Socially, being vegetarian can also be slightly problematic, although not as much as I had originally expected. Usually, I find it’s enough to mention my dietary preferences to people I’m having meals with only when they’re going to something like a steakhouse. I’ve found that most places that serve food will have a couple of items that do not contain meat, and they’re usually tasty enough to not make me cranky.
The way I see it, I only have two options going forward:
- Continue being pescatarian
- Go back to eating meat, but much less
My good experience this past month has given me the confidence to believe that I can live without eating meat without losing weight, feeling uneasy or dissatisfied. Couple that with knowing the ethical and health reasons for not eating meat, going back to eating just as much meat as I had before is simply not an option. I’m done with having chicken, pork, or beef at every meal.
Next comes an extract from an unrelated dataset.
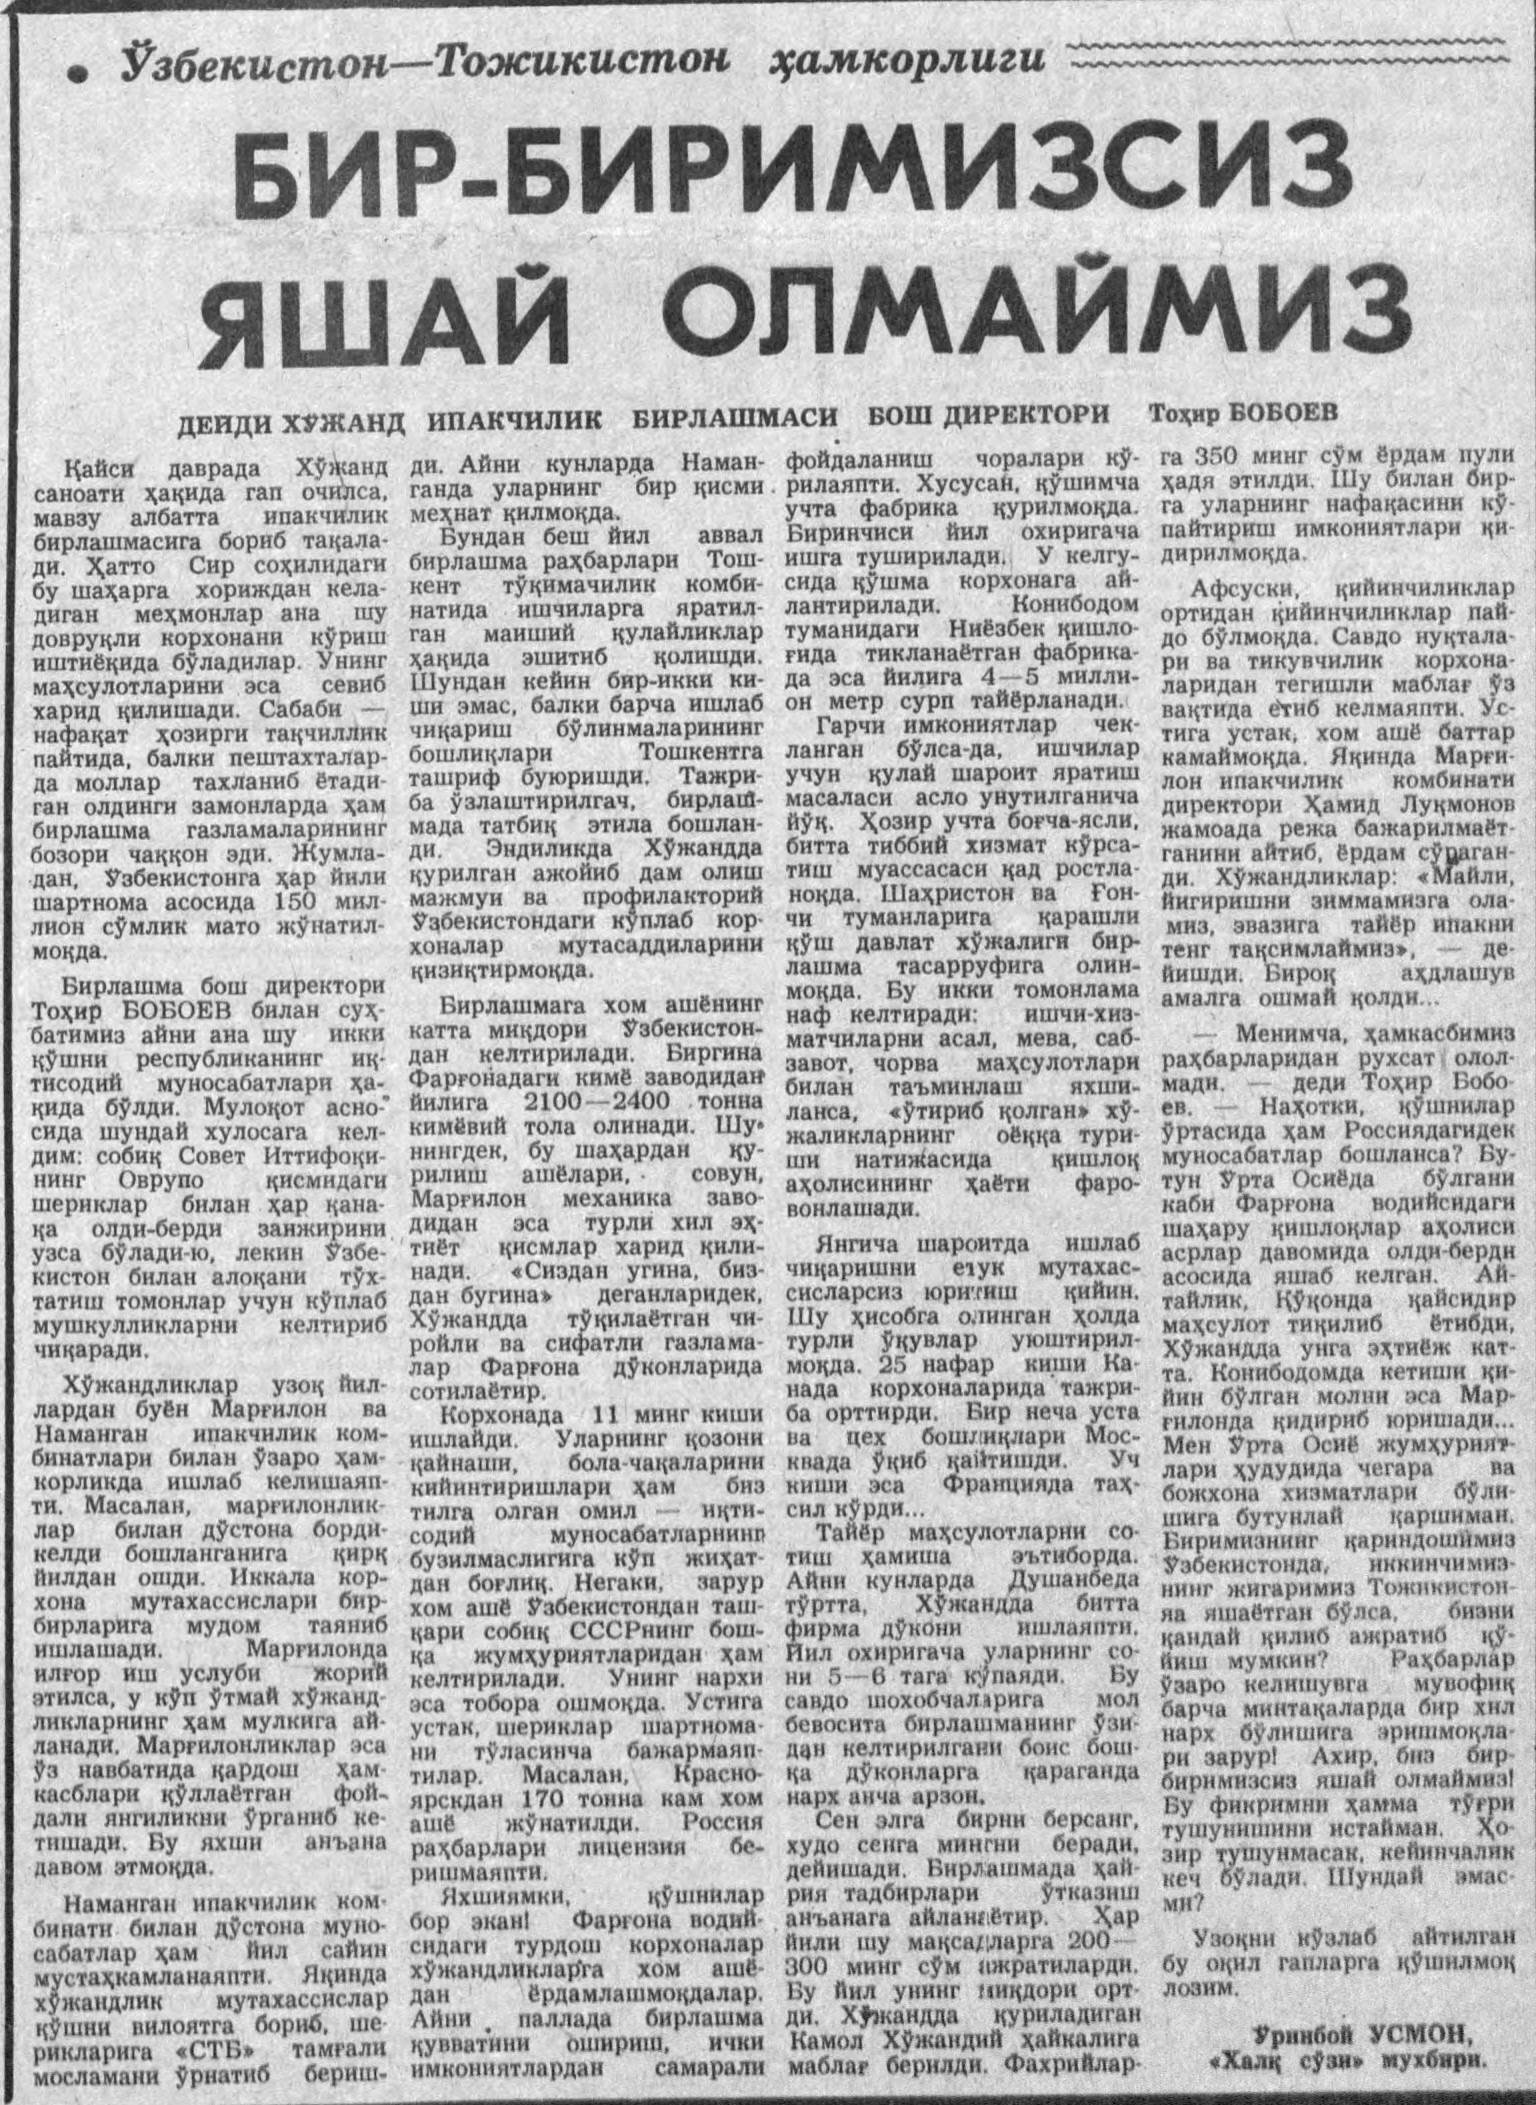 «Халқ сўзи» газетасининг 1992 йил 30 апрель сонидан лавҳа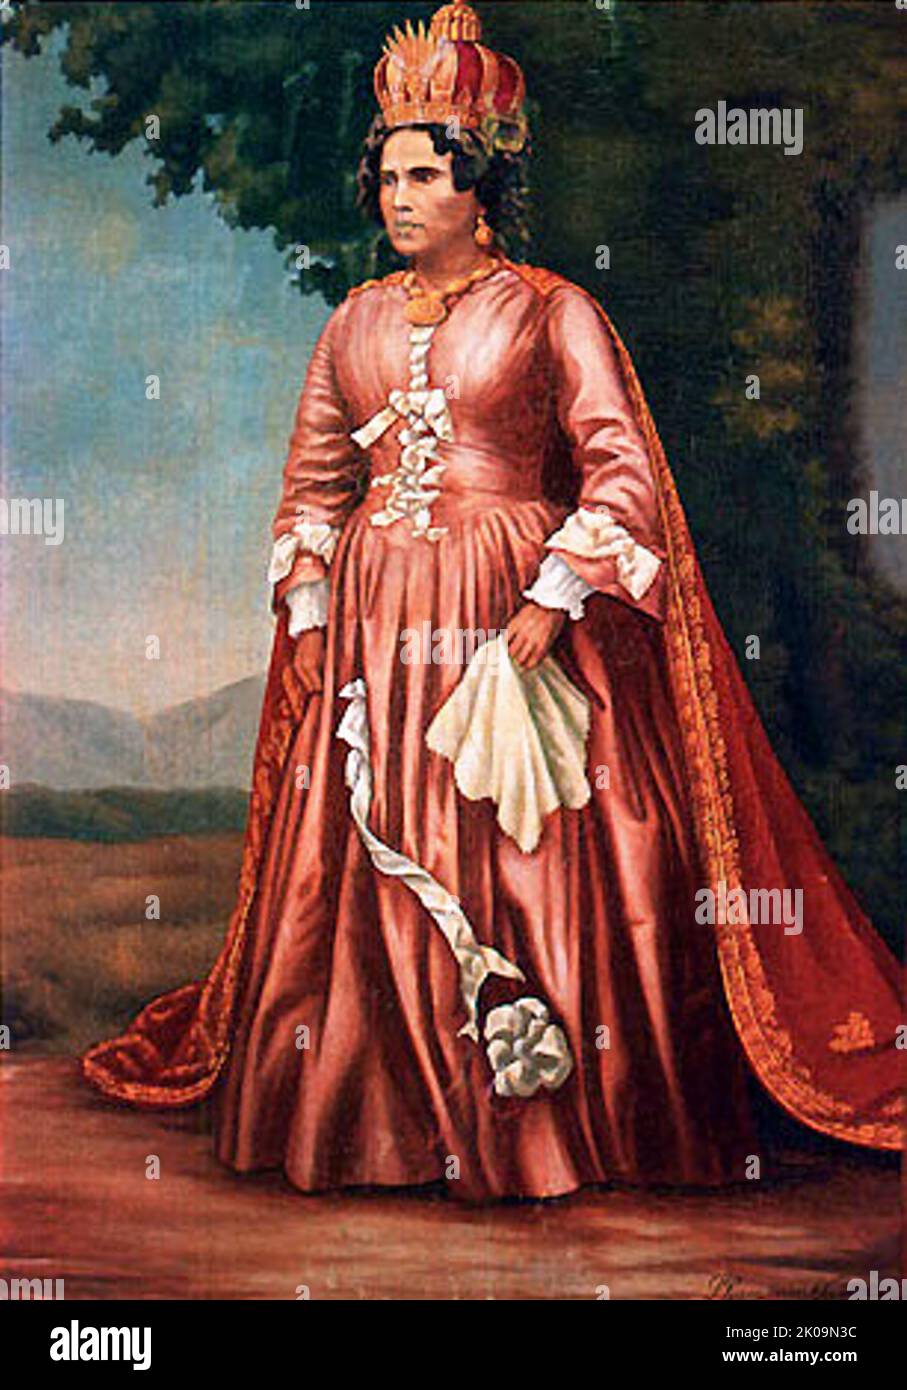 Ranavalona I (c. 1778 - 1861), also known as Ranavalo-Manjaka I, sovereign of the Kingdom of Madagascar from 1828 to 1861. Stock Photo

Have I decided between the remaining two options, then? No. It’s really hard to decide!
If I continue to be pescatarian and avoid meat for the rest of my life:
- I would be missing out on many, many traditional dishes of different cuisines
- I may occasionally have to skip a meal if I fail to find a place that serves vegetarian-ish food
- I would feel great every day knowing I’m no longer participating in the killing of factory-farmed animals
- I would remove willpower from the equation at every meal (should I eat meat this time?)
- I may still sometimes have to eat some meat at important social occasions like business meals or on a flight
If I choose the middle ground and eat meat, just much less of it:
- I get to reap some of the health benefits of eating less meat
- I occasionally get to eat delicious, traditional dishes that contain meat
- I can be more flexible at meals for social reasons
- I would without a doubt occasionally feel like I have compromised on my values
- I would have to do much more thinking at every meal (should I eat meat this time?), which I find can sometimes be exhausting
I’m unsure, but I’m leaning towards the option of being pescatarian. Willpower is a scant resource!
Sunday, 29 July 2018, standing at my desk in our new home pondering whether I will make the right decision.